I think we've all experienced how frustrating it can be to do cross-browser testing with CSS-based web sites. Why is it that Internet Explorer (IE) never seems to play nicely with good, solid CSS markup?!? Anyway, I just thought I'd share one technique that I've found to be extremely helpful. When I have some CSS that just won't work in IE, I see if adding a ZOOM property of 1 (one) will help:

div {
	zoom: 1 ;
	}

I have to say, 90% of the time, this fixes the display issues that I am having in IE... and, it does so without adversely affecting any of the other browsers (that I have tested). I guess you could call this an IE-hack since I believe the zoom property is only supported by Internet Explorer.

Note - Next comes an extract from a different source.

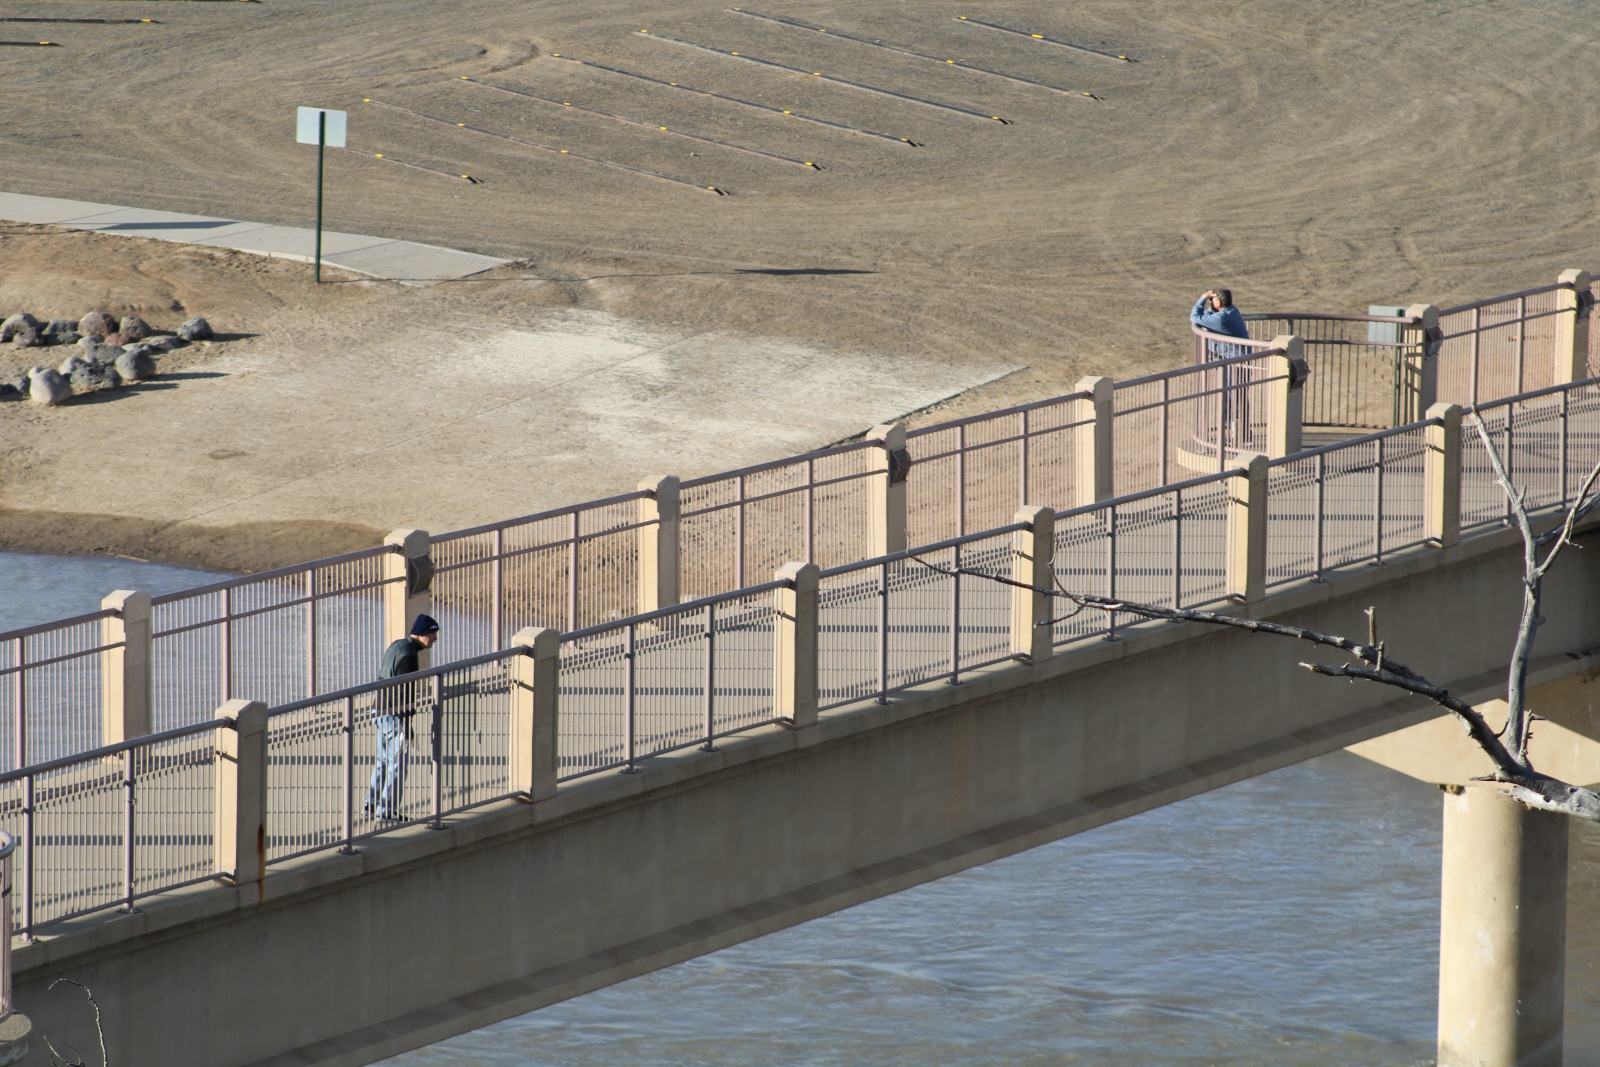 Two people walk over a narrow concrete brdige that overlooks sand and water.

I am not exactly sure why this works, but it has something to do with what you are trying to accomplish and the concept of an element having a "layout". In IE, some elements have a "hasLayout" property that is true by default. This is required for many visual settings; for example, an alpha filter only works on an element that hasLayout. So, why does {Zoom:1} work? It gives the target elements the hasLayout property.

There's a bunch of other things you can do to fix rendering issues in IE, but I have found {zoom:1} to be the lowest hanging fruit. For a more in depth look at what it means for an element to hasLayout, click here.

Want to use code from this post? Check out the license.

Reader Comments

1 Comments

Ben...

Personally, I rarely find the need to write hacks for IE. If you're coding to standards compliant xHTML, and are using the Strict doctype, then it's usually a matter of knowing how to write CSS code which won't require hacks.

At most I might have to write some tweaks to my CSS which adjust the differences between border interpretation between IE and the other browsers.

15,848 Comments

@Andy,

I think we're on the same page. That's why I only mentioned Zoom here and not a bunch of other things. The propert Doc Type and nice markup are the best defense against hacks. However, I have found that some things just don't play nice.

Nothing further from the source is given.